Your original question is a bit harder, since to find the probability of at least one such sequence occurring, you need to take into account that the events of the sequence occurring in overlapping slots aren't independent. For instance, the probability of getting the sequence 44 at least once if you roll the die $3$ times is $7/4^3$, whereas the probability of getting the sequence $43$ at least once is $8/4^3$, even though the expected number of occurrences in both cases is $2/4^2$.

2

I've used Mr. Gulko's formula above to work several problems by hand, and I've also compared the results given by his formula to brute force computations done by Python script. I can confirm that his formula returns correct results. However, it requires one minor tweak.

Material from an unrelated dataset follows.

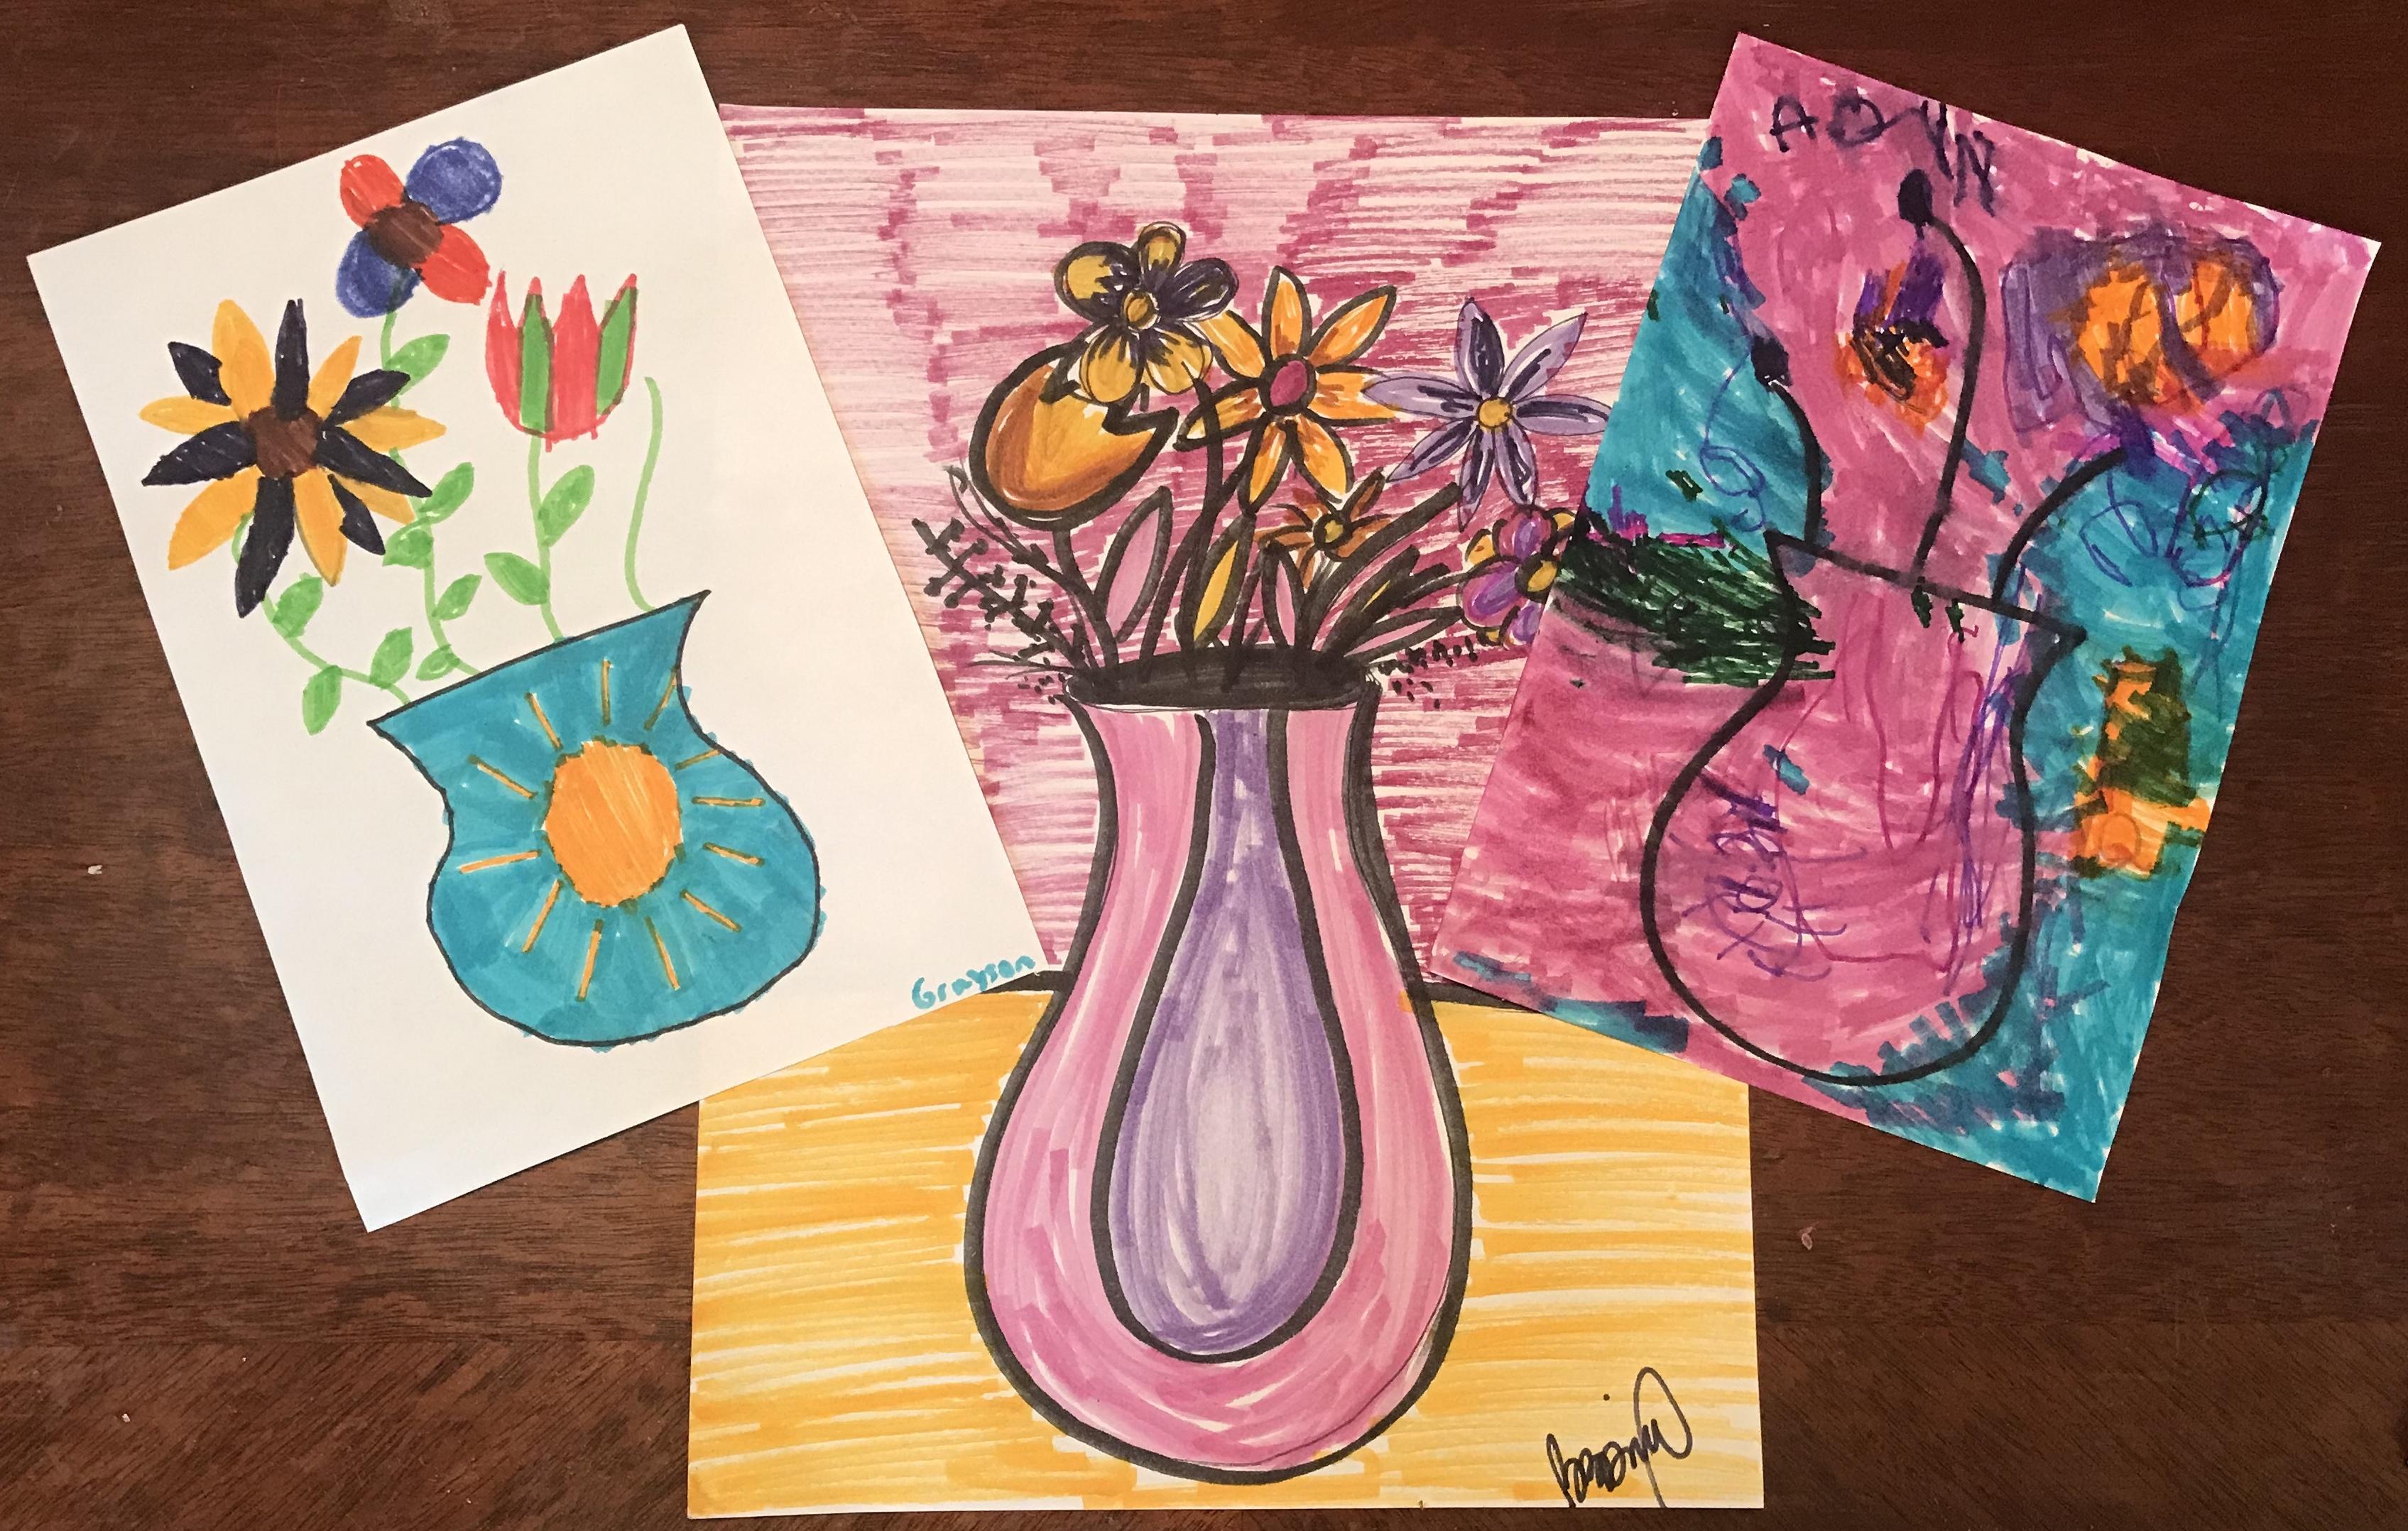 va Gogh Flowers

Given an alphabet of size $a$ (e.g., $a=4$ for the alphabet {a,b,c,d}), the probability that a non-overlapping word of length $w$ appears one or more times in a sequence of $n$ randomly chosen letters is given by

$$P=\frac{1}{a^n}\sum_{j=1}^{\left\lfloor \frac{n}{w} \right\rfloor}(-1)^{j+1}a^{n-wj}\binom{n-wj+j}{j}$$

This solution is basically identical to Mr. Gulko's solution given above, with one exception: I have replaced

$$\binom{n-wj+1}{j}$$

with

$$\binom{n-wj+j}{j}$$

This change is necessary because as $j$ increments, we need to compute the number of ways we can place $j$ words in $n-wj+j$ slots, not $j$ words in $n-wj+1$ slots.